■ **Work required**: The answer is the exact run of lines in the listing below from the line containing "figures chess plays" up to and including the line containing "33 Super-Cool Popsicles To Make This Summer", with pictures removed.

■ **Source data**:
===============
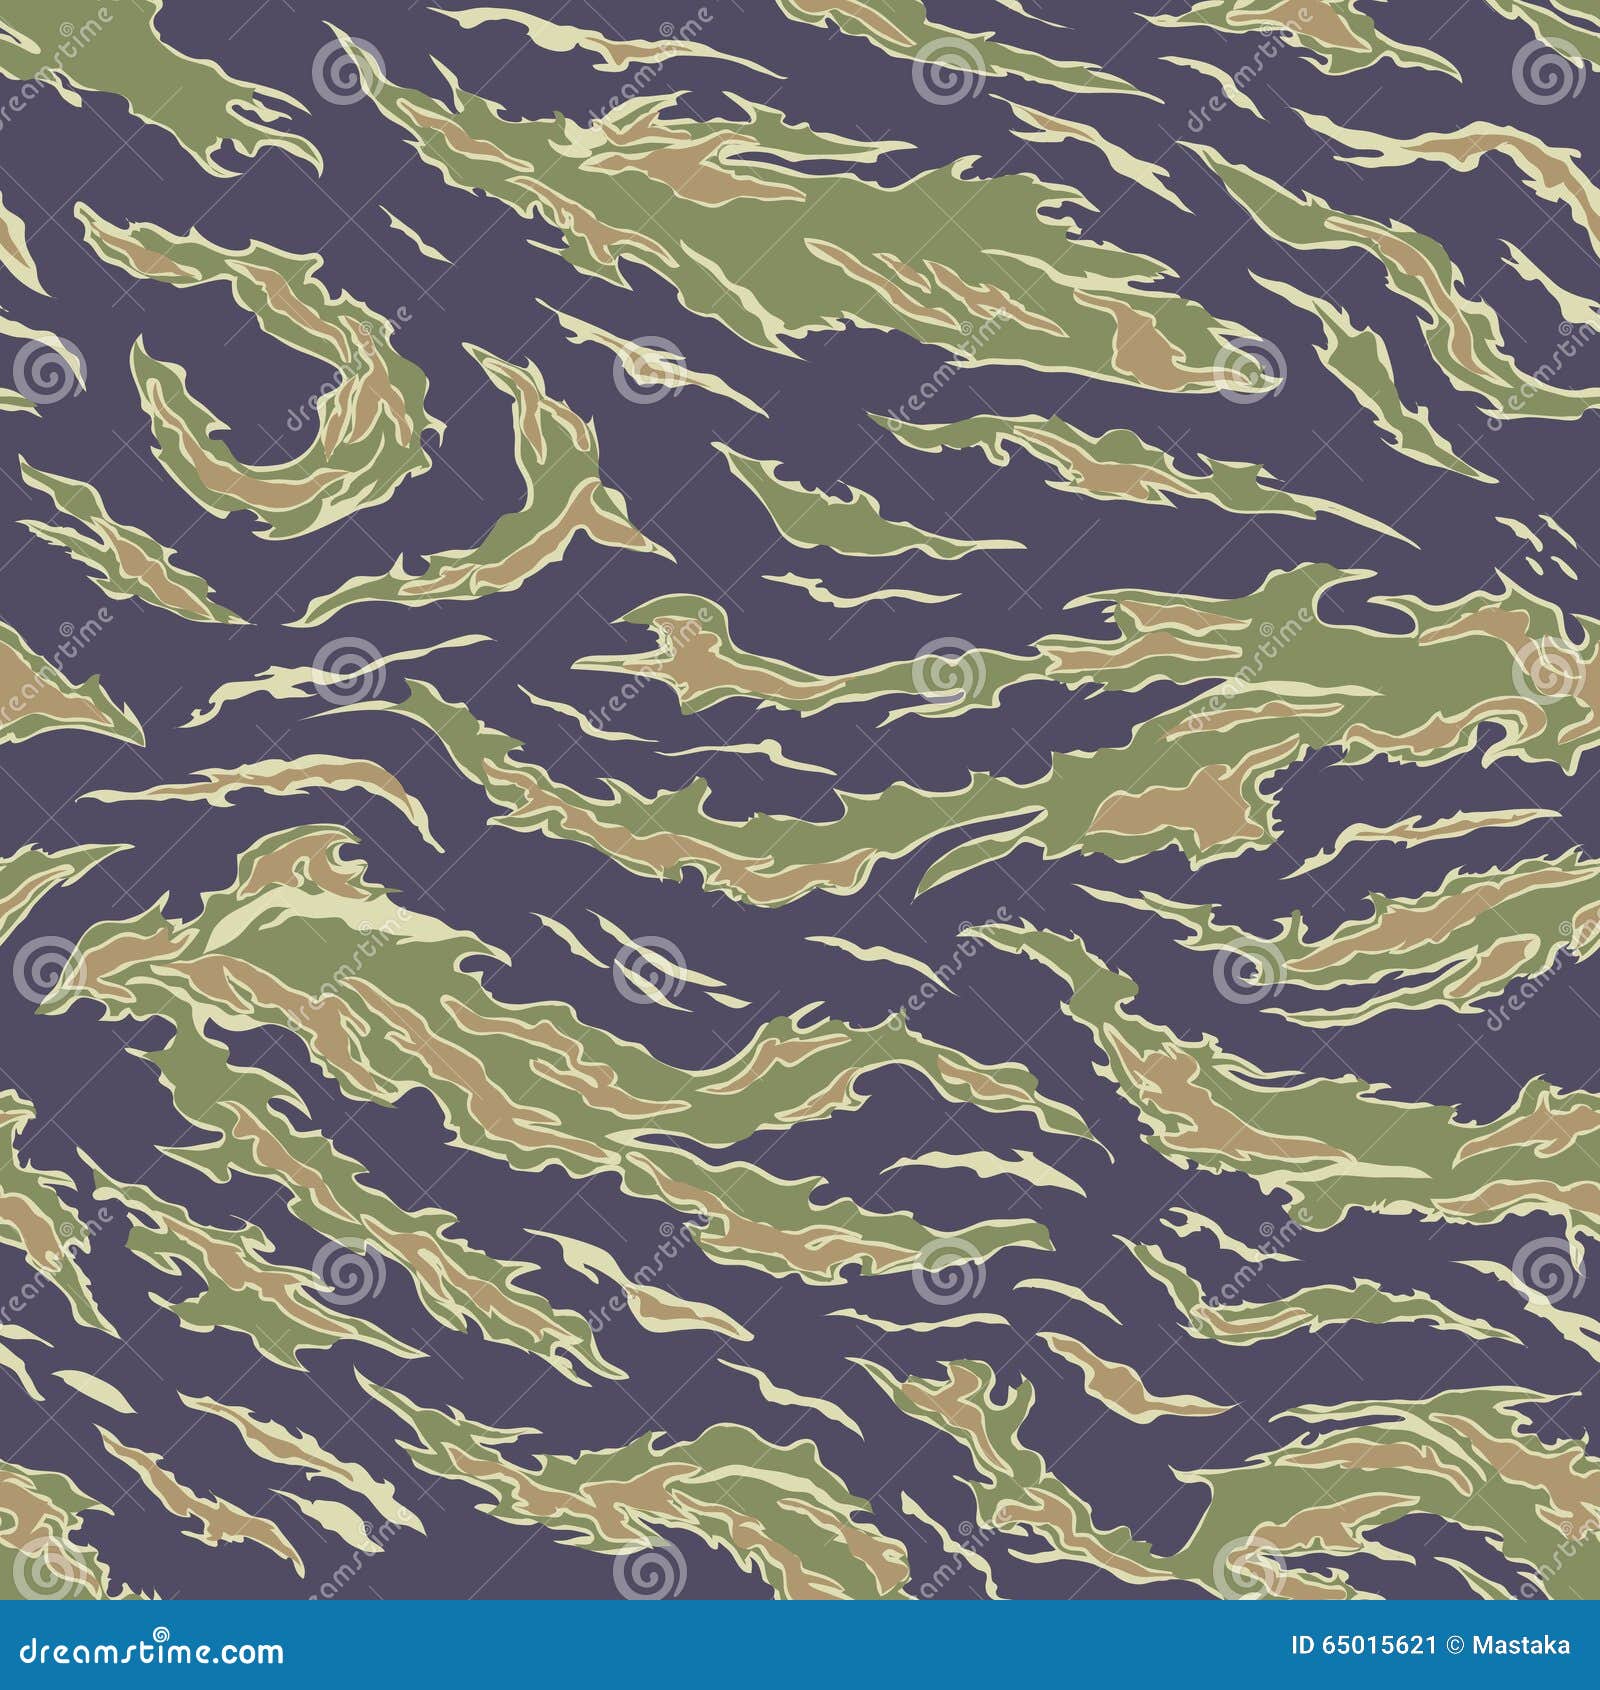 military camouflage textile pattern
===============
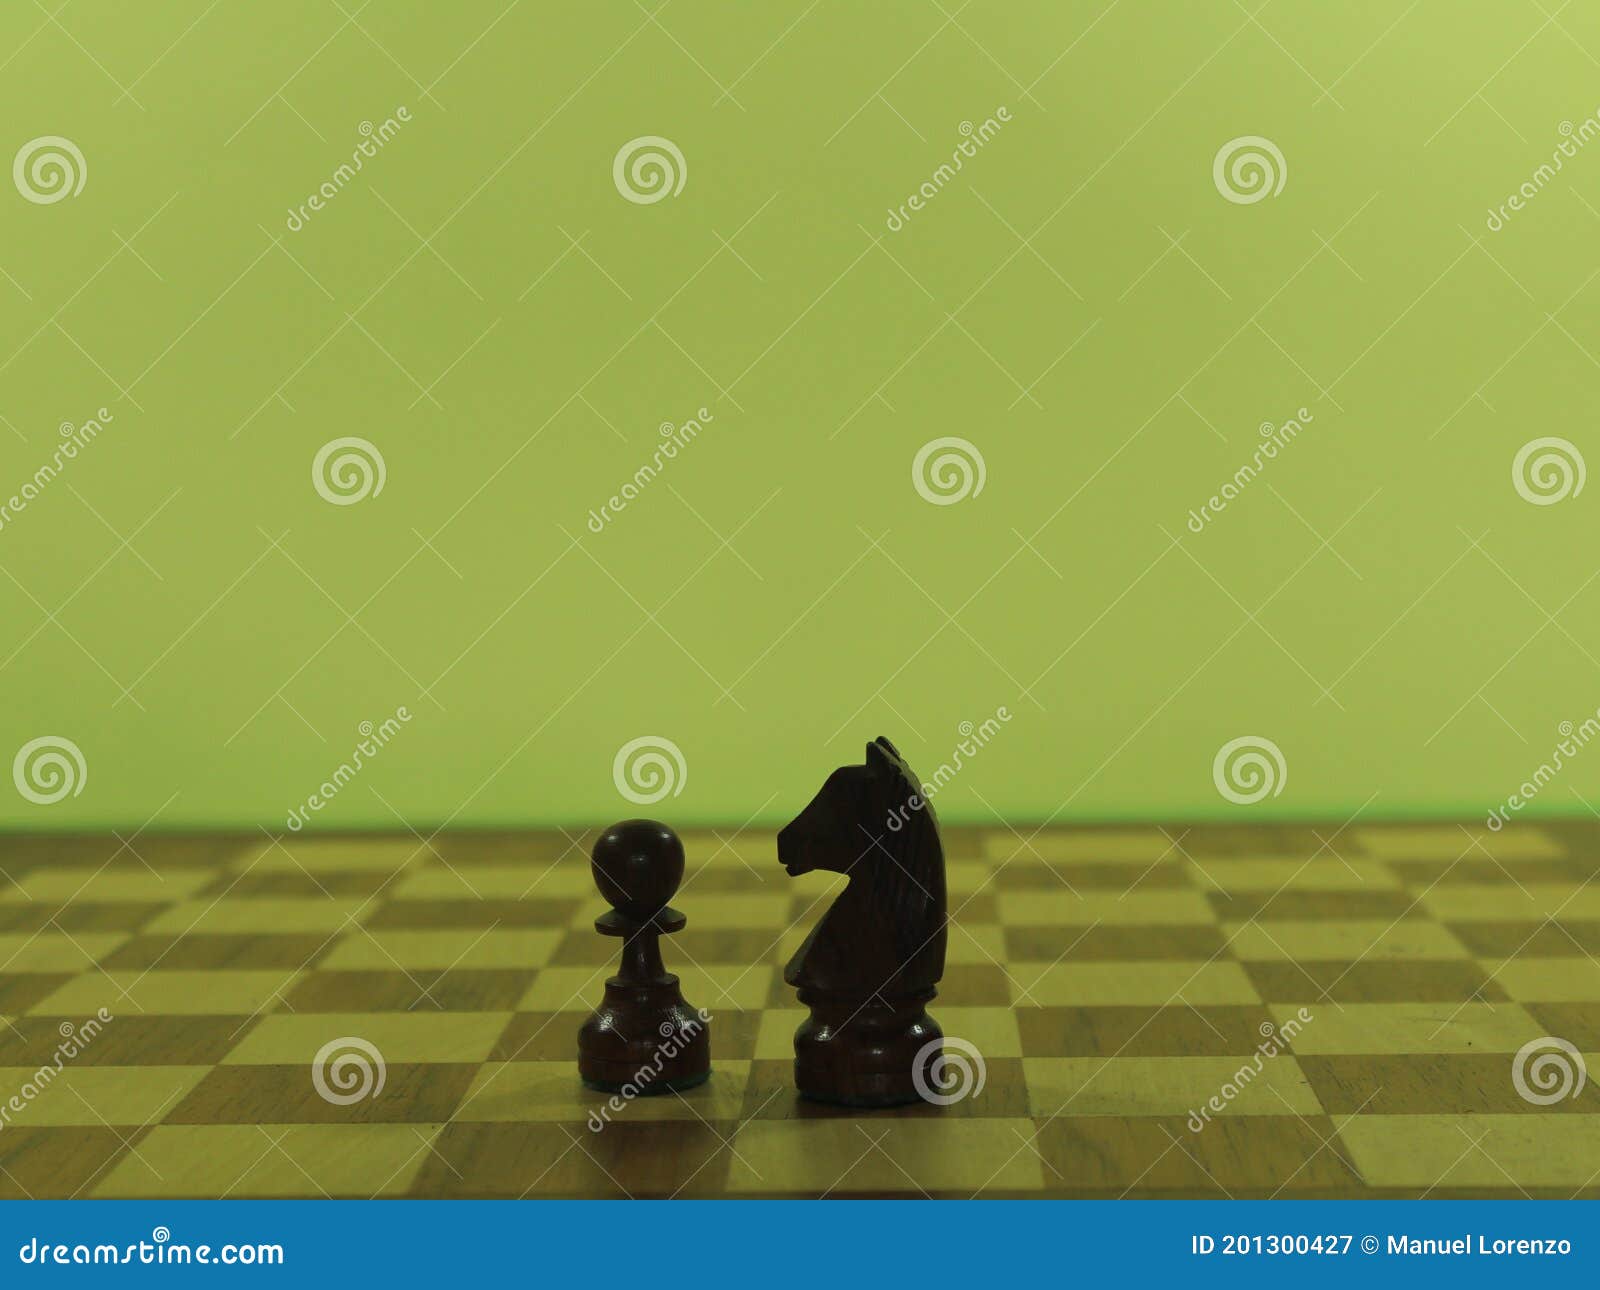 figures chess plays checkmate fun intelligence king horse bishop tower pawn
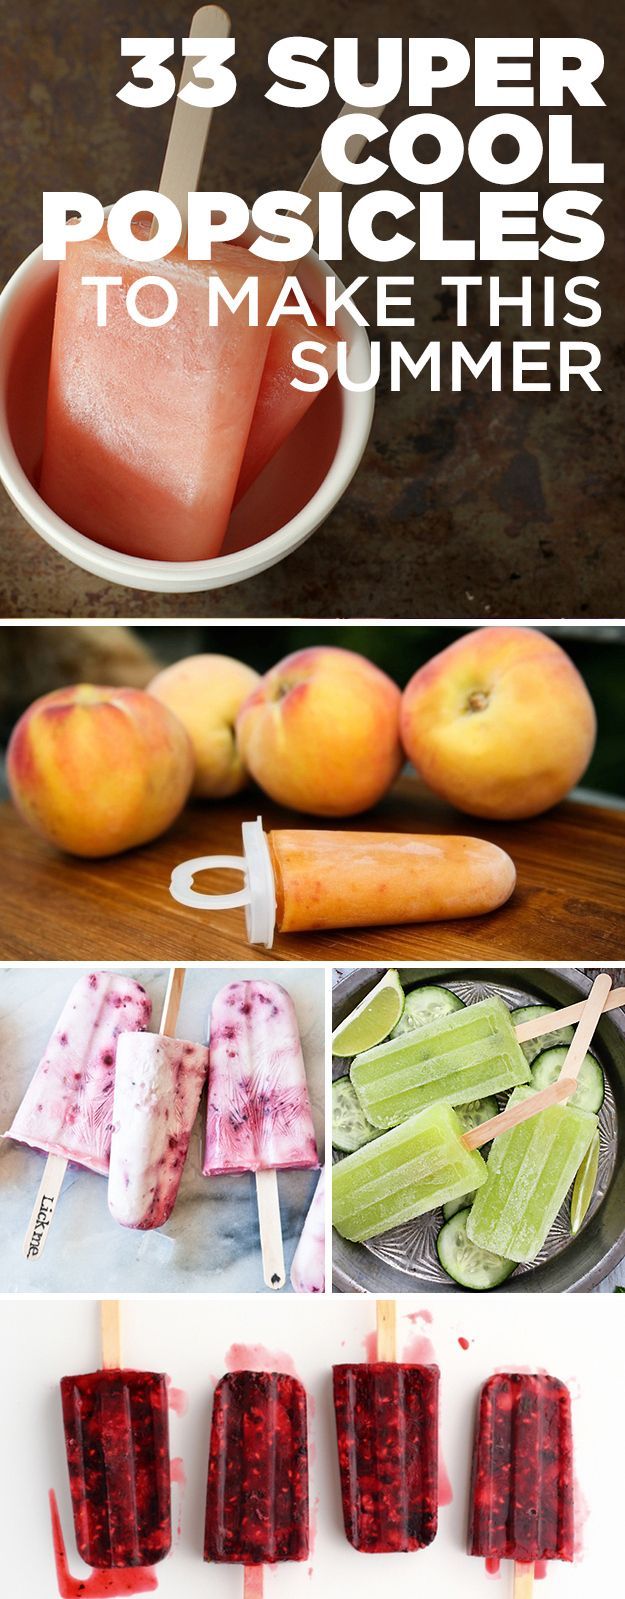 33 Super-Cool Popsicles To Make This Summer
===============
■ **Result of the exercise**:
 figures chess plays checkmate fun intelligence king horse bishop tower pawn
 33 Super-Cool Popsicles To Make This Summer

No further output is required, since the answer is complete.